Adults don’t count. Vampires are certainly excluded.
Even the children in my stories must be considered characters rather than
offspring, being born to the aforementioned fictitious adults. But I guess, in
a funny way, every one I write is my child.
On second thought, maybe not. I did not birth Lucius
or Julian or Black or Cassie or any of the other grown ups—mortal or
otherwise—who populate my work. They came to me as individuals with stories to
be told. I happen to be the scribe. The biographer. Some authors roll their
eyes at others like me, who insist that their protagonists appear like ghosts,
fully-formed and possessed of a unique personality, looking for a mouthpiece to
speak for them. What, do those authors build their heroes from spare parts and
assign traits from a personalities app?
Zzzzzzzz.
I have never constructed a character. Perhaps it’s a
matter of deconstructing, of working backward from the final result to learn
how he/she became who he/she was when I met him/her. Take Lucius, for example.

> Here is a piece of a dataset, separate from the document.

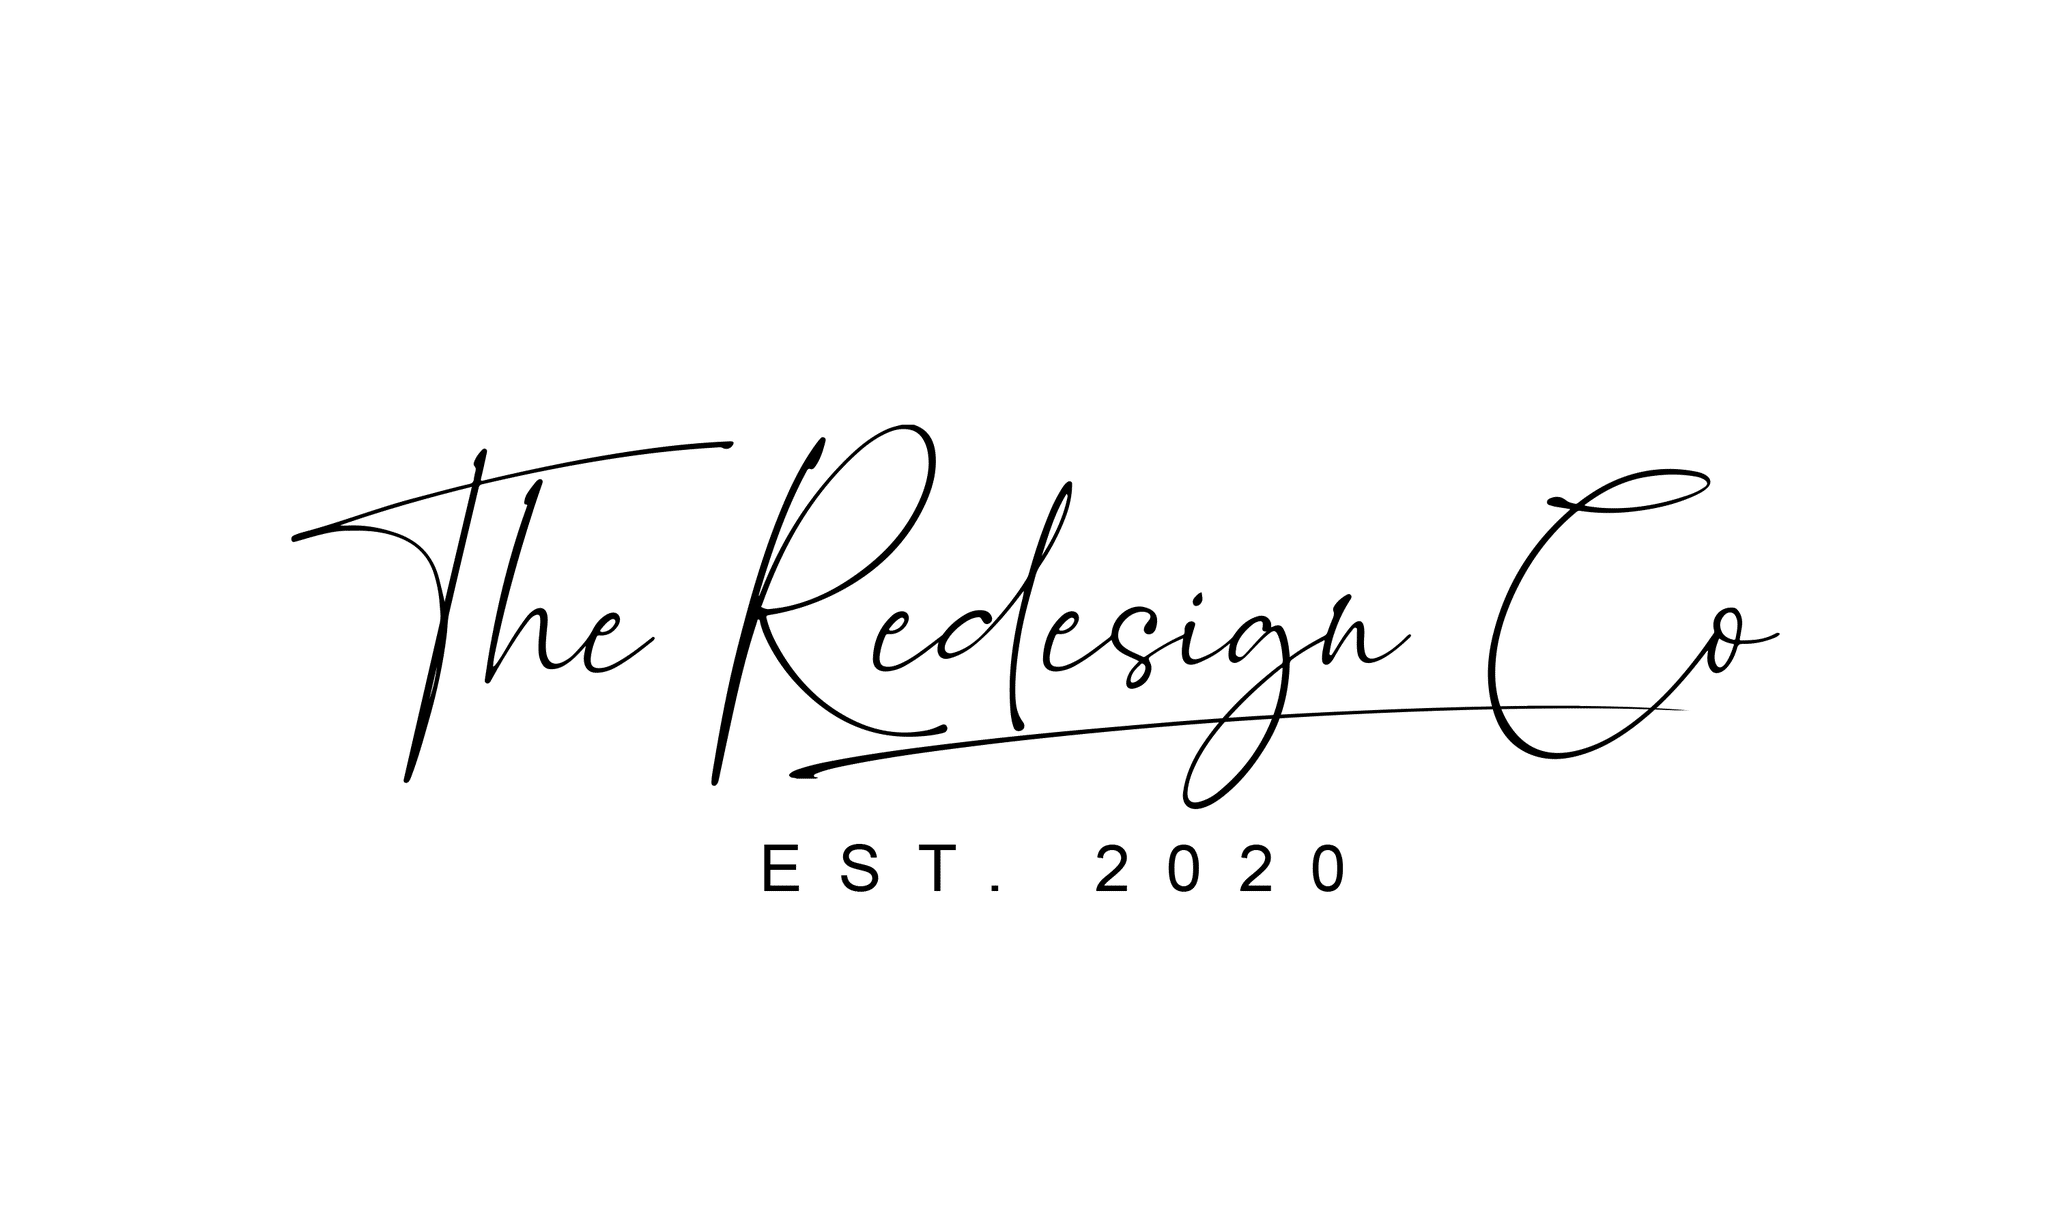 The Redesign Company

When I met him, he was a battle-scarred warrior of legendary reputation. His
“bad dude” potential was right up front and I know some folks who were either
scared of him, disliked him, or both. Now, a dozen years and six volumes later,
I understand how he became the scary bad hero of Treason. I’ve worked
with him for long enough to have learned what makes him tick, and not because
he’s confessed to any of it. I’ve learned about him through the eyes of those
who knew him as a child, then as a boy, then as a young man. Did I invent those
people, each with a story to complement his? I suppose, on some level, it’s
possible.
But it’s much more fun to imagine that I simply make
myself available and the voice finds me.